In the C++17 filesystem library, we got std::filesystem::remove(path), which — as I understand it — is a direct port of boost::filesystem::remove(path) from Boost.Filesystem.

But C++ inherited from C89 a very similar function called std::remove(path), which is also documented as a way to remove a file from the filesystem.
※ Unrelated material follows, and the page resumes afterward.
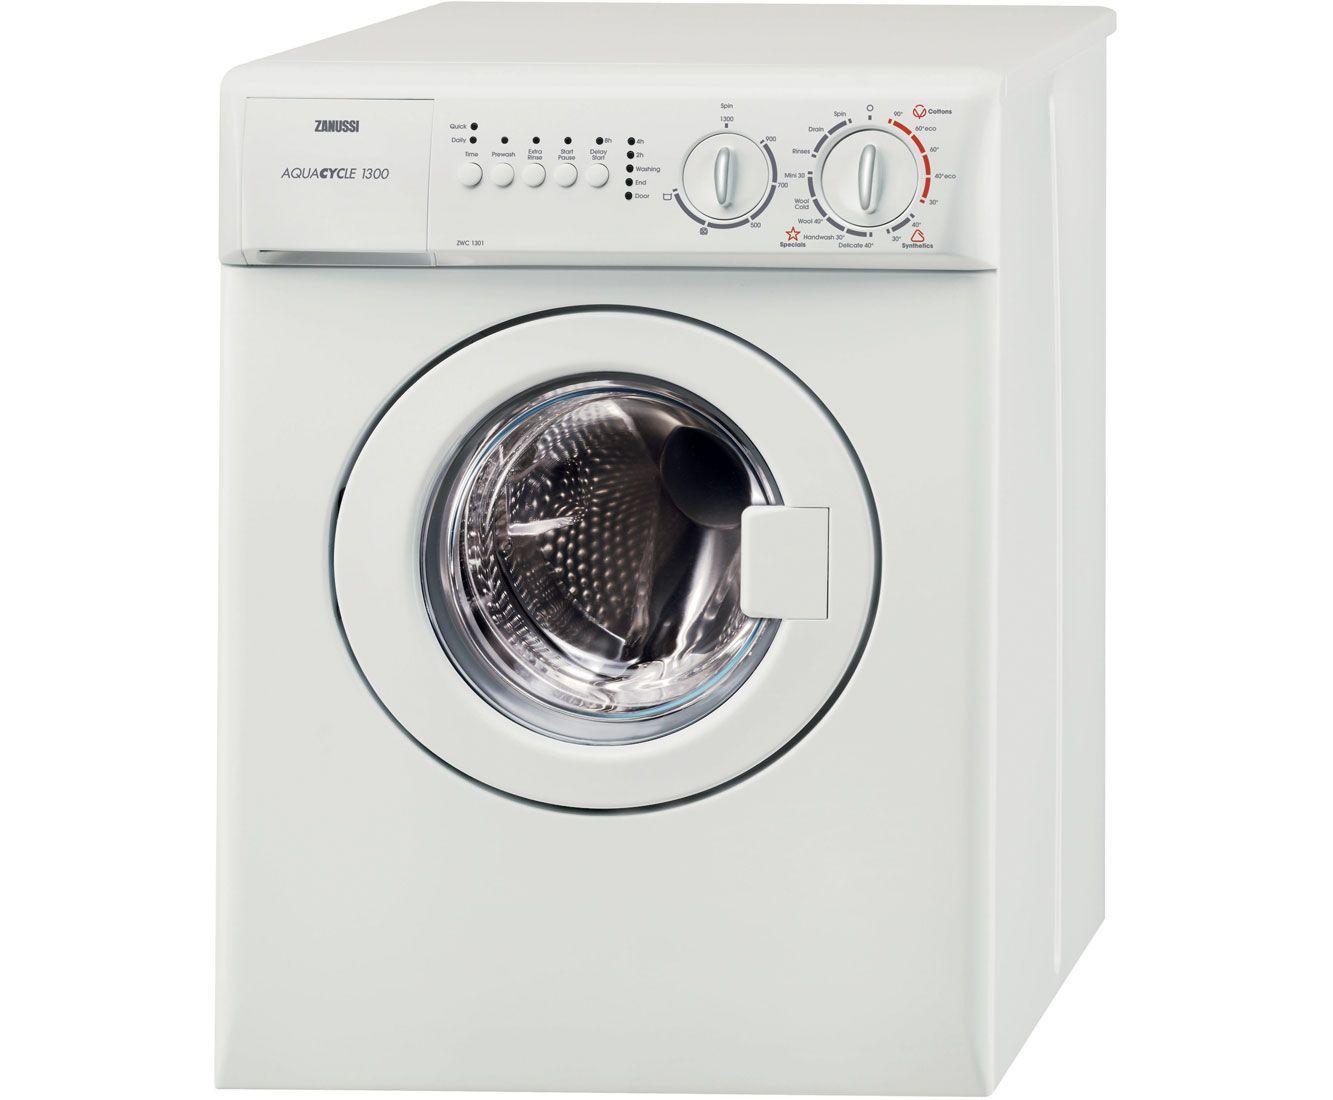 Things To Keep In Mind While Buying Washing Machine

I'm vaguely aware of some pitfalls with this function, e.g. I believe I have heard that on Windows std::remove cannot be used to remove a file that is still being held open by the current process.

Does std::filesystem::remove fix these issues with std::remove? Should I prefer std::filesystem::remove over std::remove? Or is the former just a namespaced synonym for the latter, with the same warts and pitfalls?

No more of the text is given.